> _Stored entries_:
»»

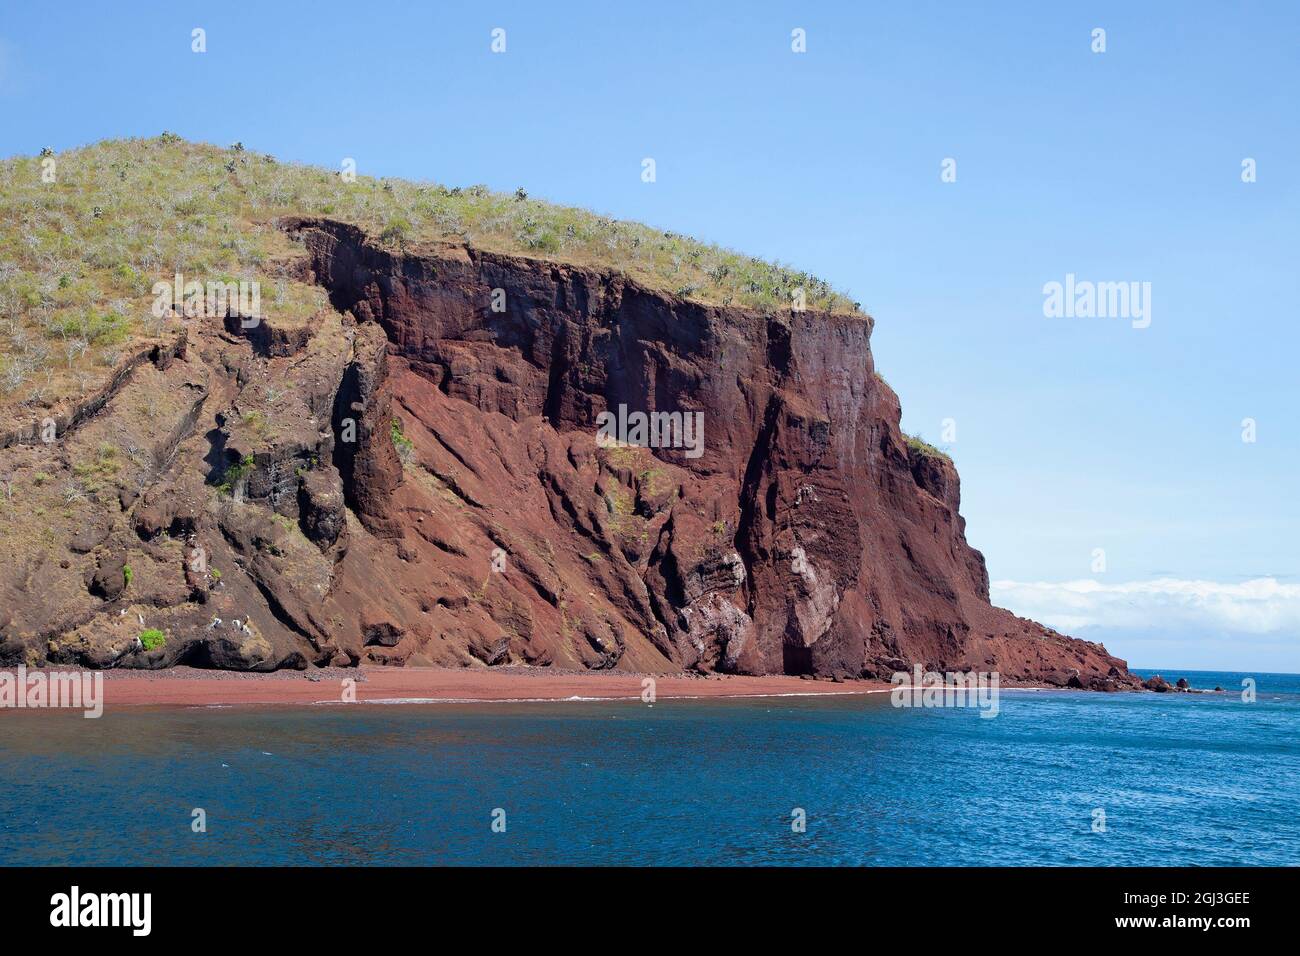 La falaise rouge de l'île de Rabida et la plage se forment à partir de la roche volcanique de lave de scoria dans les Galapagos. Les arbres en haut de la colline sont Palo Santo (Bursera graveolens) Banque D'Images
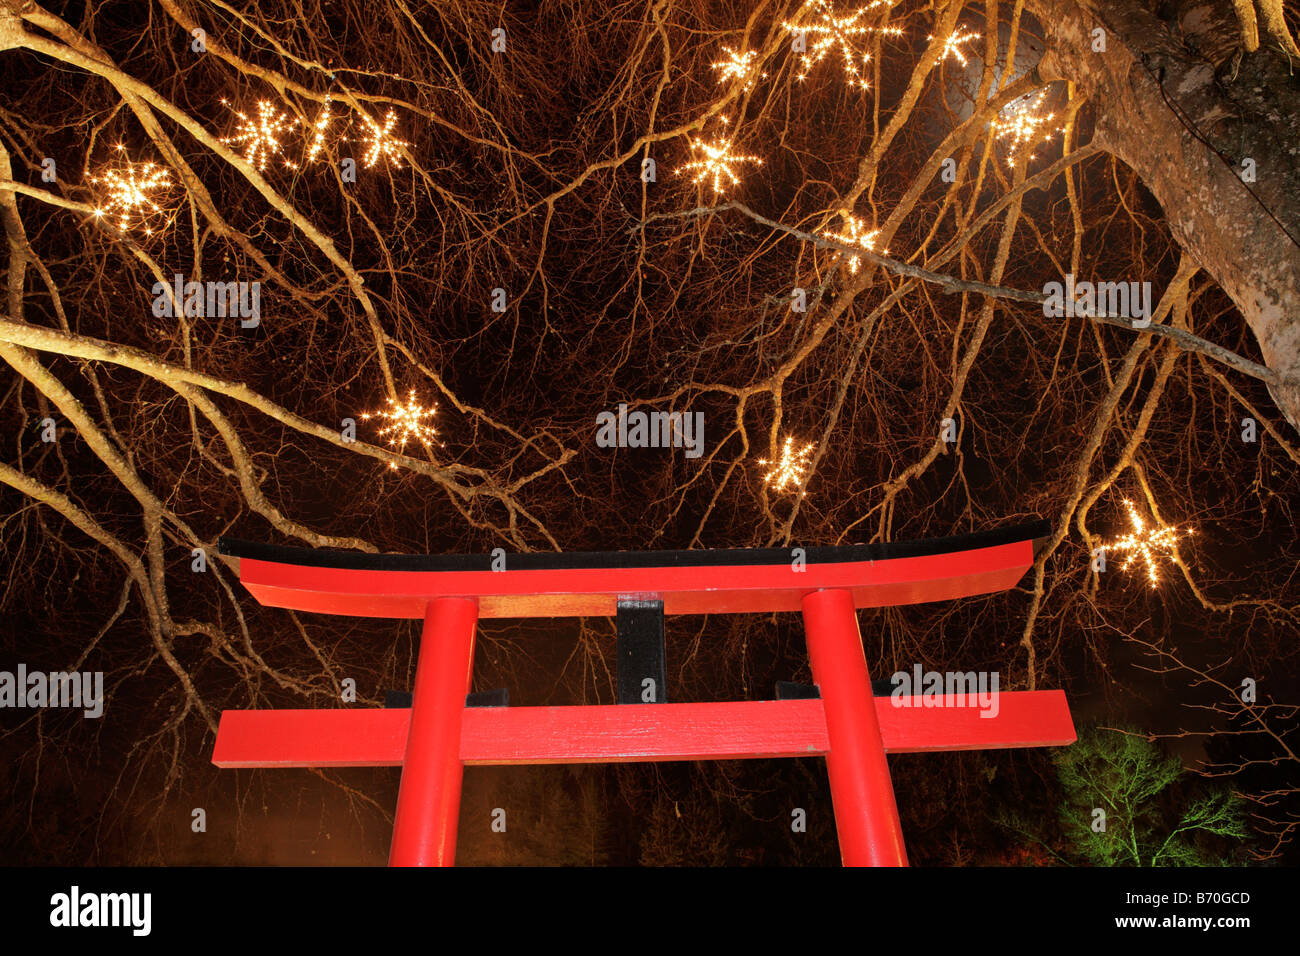 Japanischer Garten Eingang mit Weihnachtsbeleuchtung in der Nacht Butchart Gardens Victoria British Columbia Kanada Stockfoto
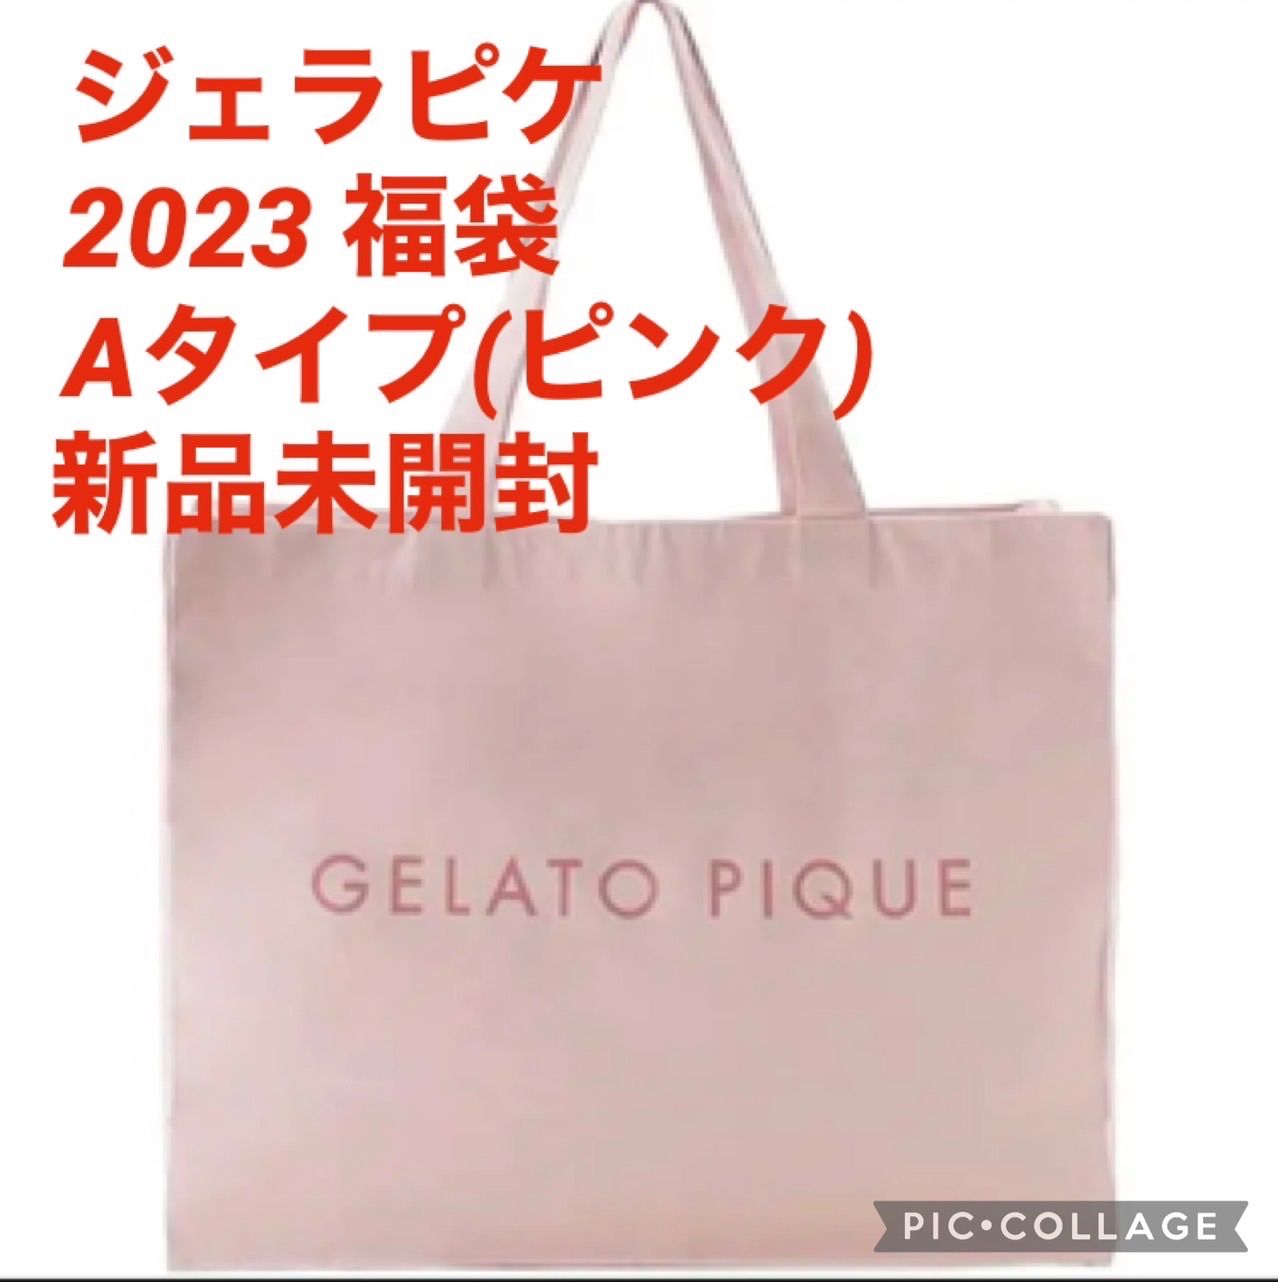 ジェラートピケ福袋2023 Aタイプ(抜き取りなし)-
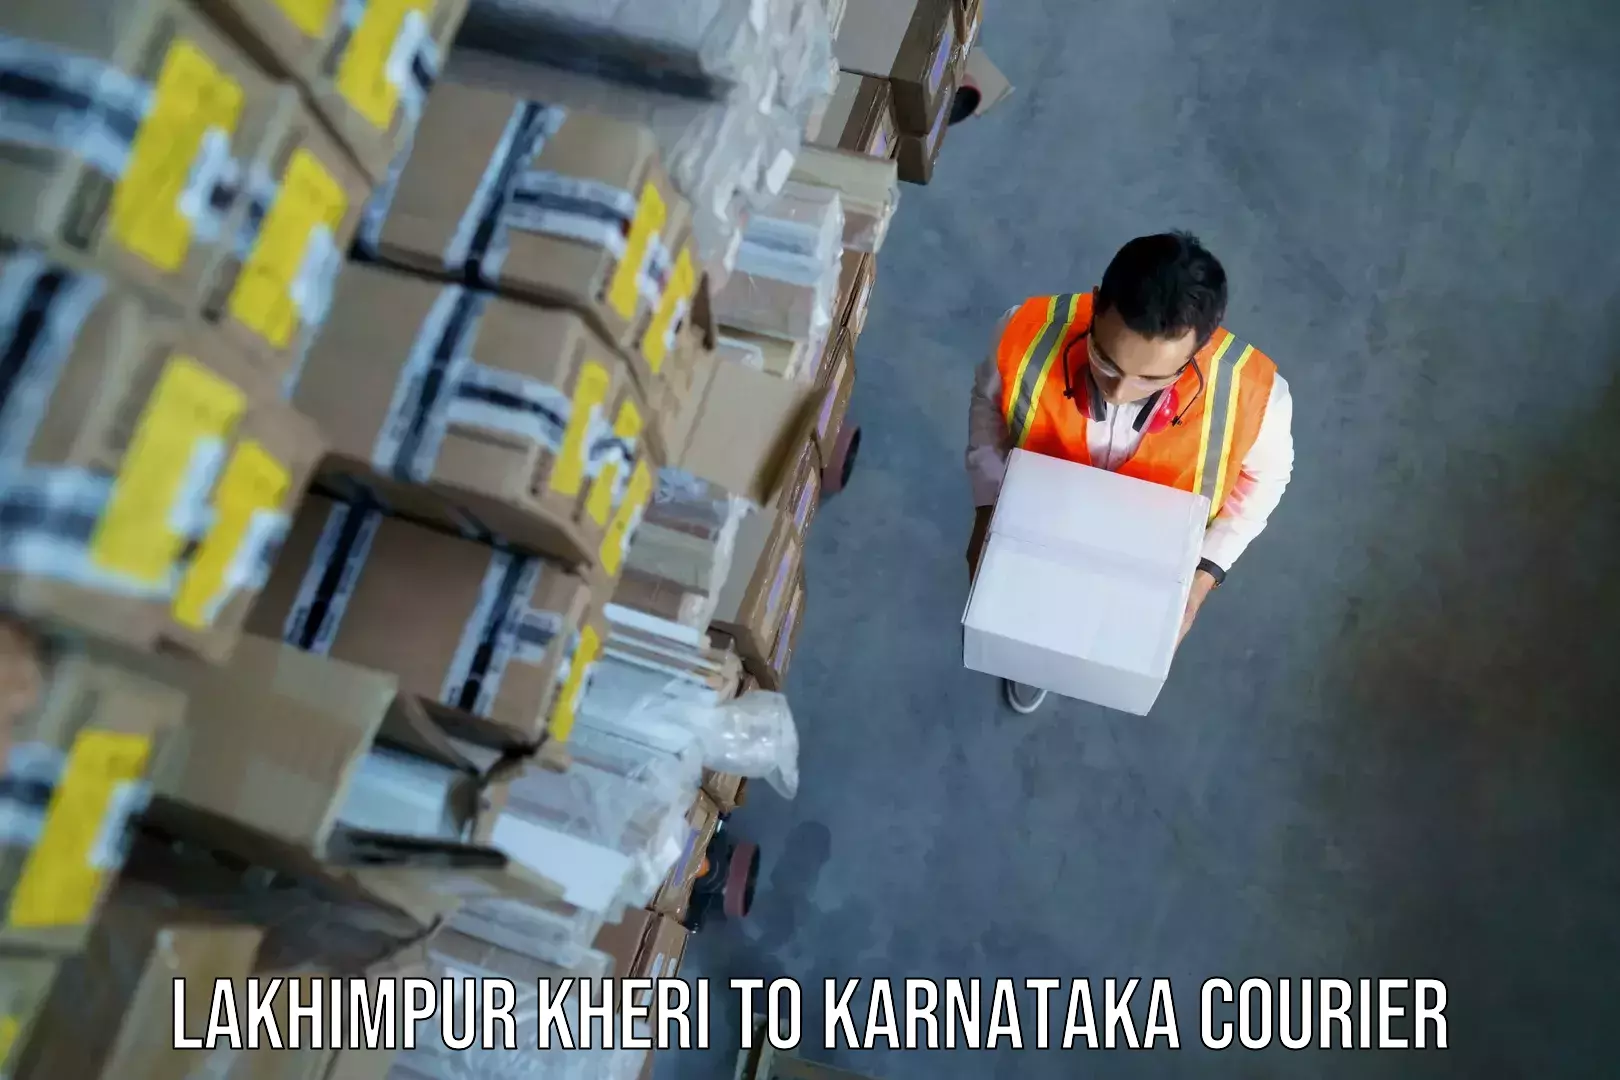 Baggage shipping service Lakhimpur Kheri to Hubli
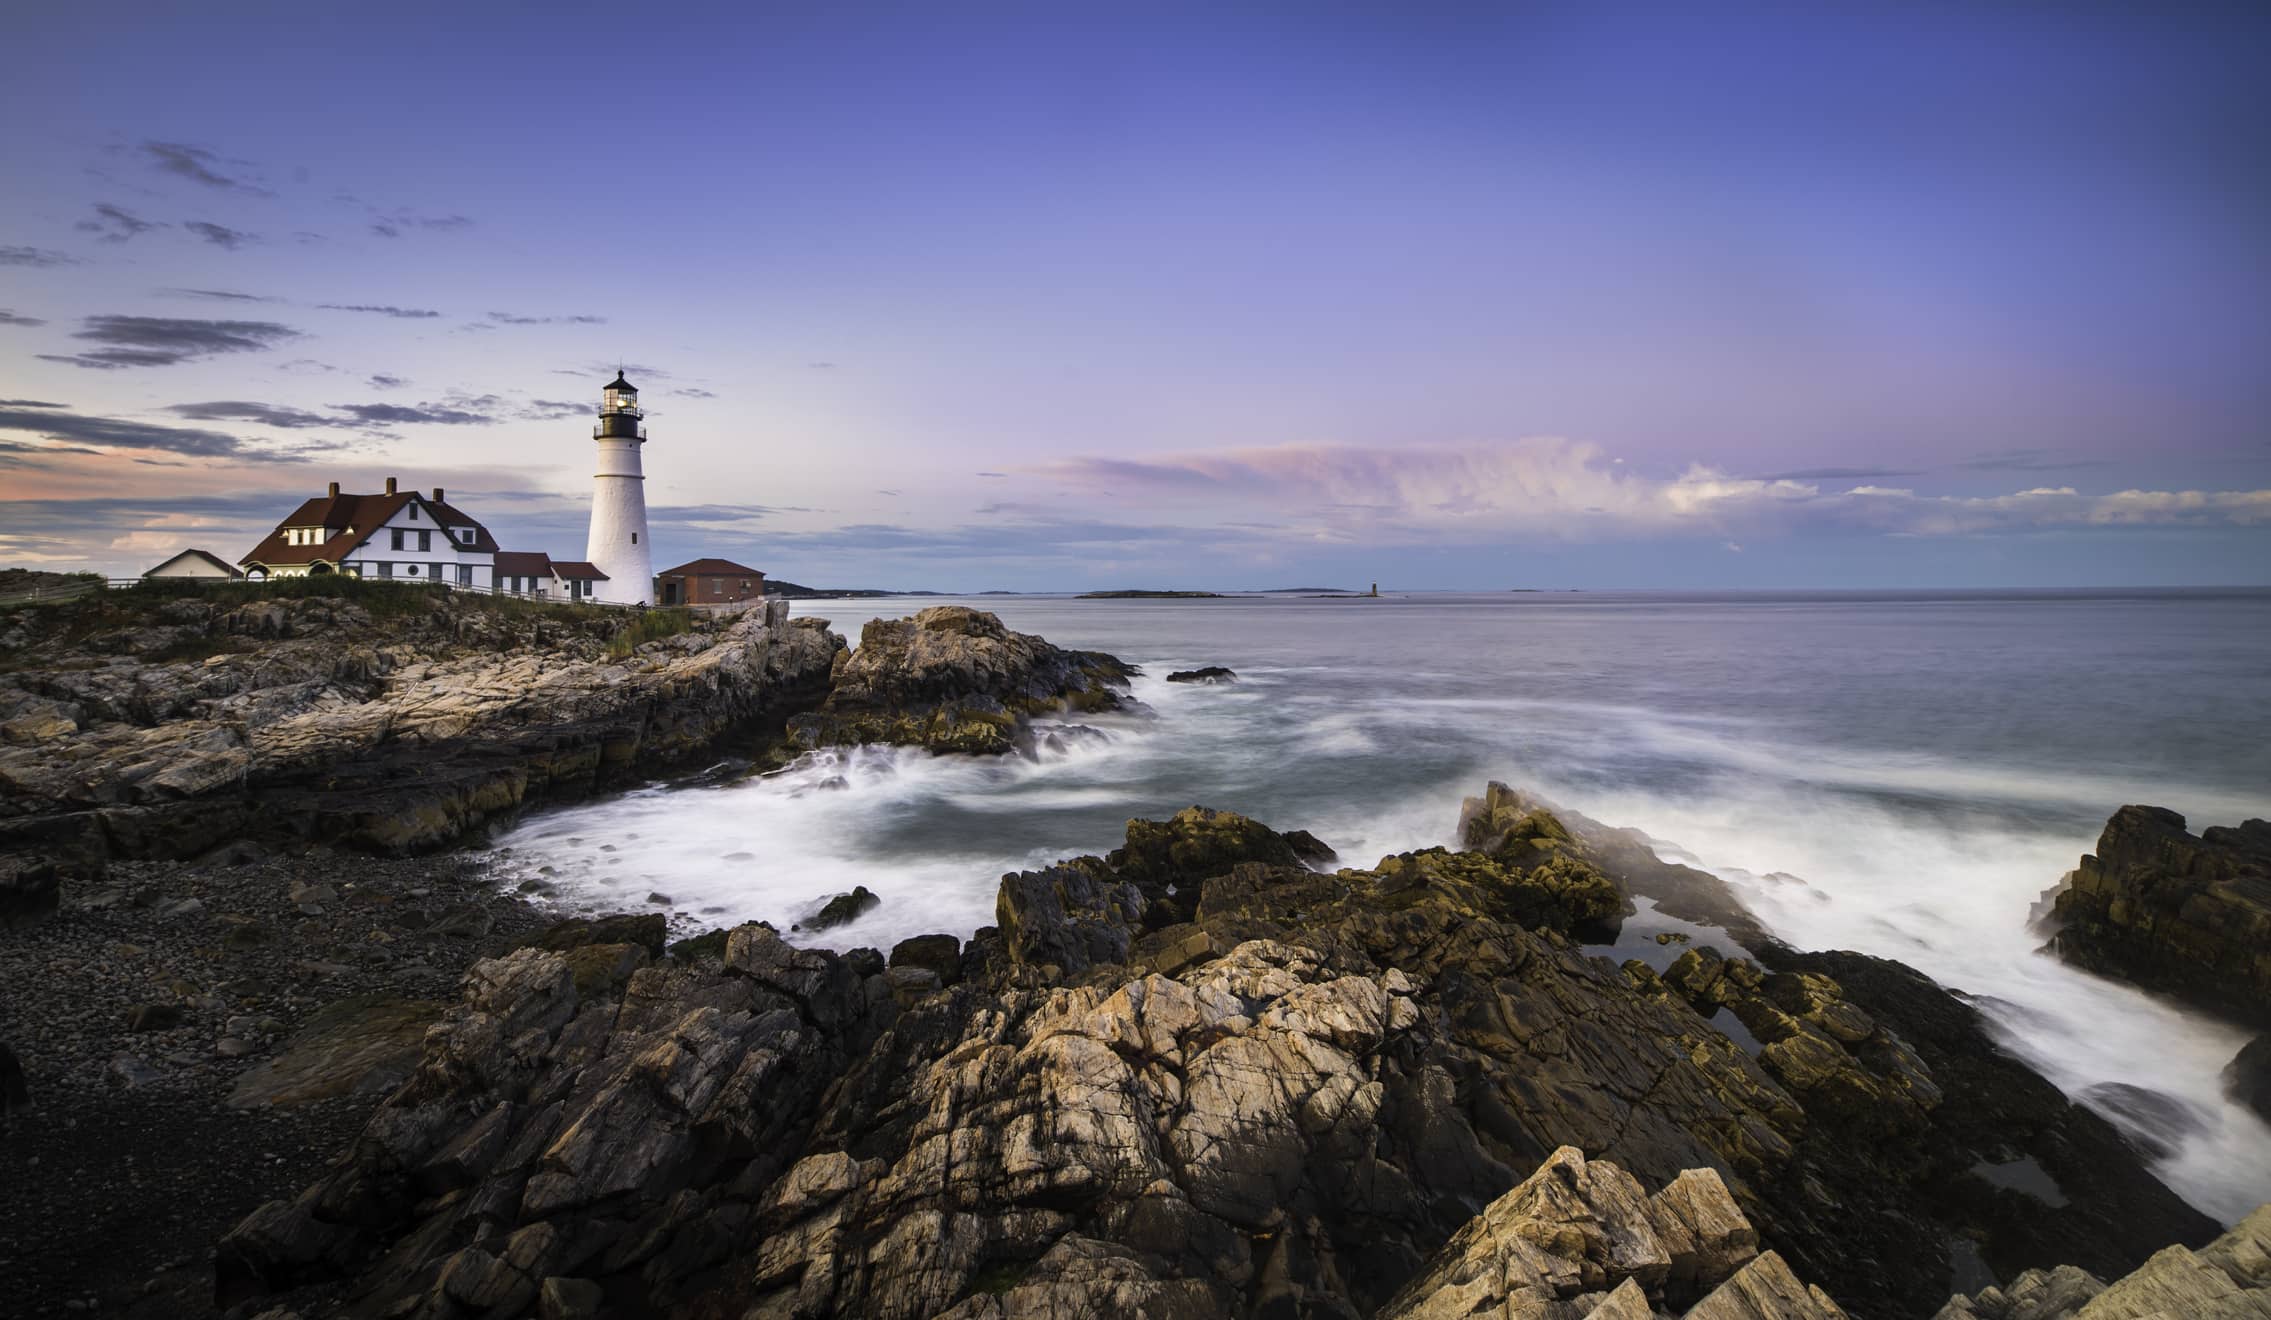 lighthouse on rocky coast

««

> _What you are asked to do_: Return every line of the records exactly as given, pictures excluded.

> _Response to this task_:
 La falaise rouge de l'île de Rabida et la plage se forment à partir de la roche volcanique de lave de scoria dans les Galapagos. Les arbres en haut de la colline sont Palo Santo (Bursera graveolens) Banque D'Images
 Japanischer Garten Eingang mit Weihnachtsbeleuchtung in der Nacht Butchart Gardens Victoria British Columbia Kanada Stockfoto
 ジェラートピケ福袋2023 Aタイプ(抜き取りなし)-
 Baggage shipping service Lakhimpur Kheri to Hubli
 lighthouse on rocky coast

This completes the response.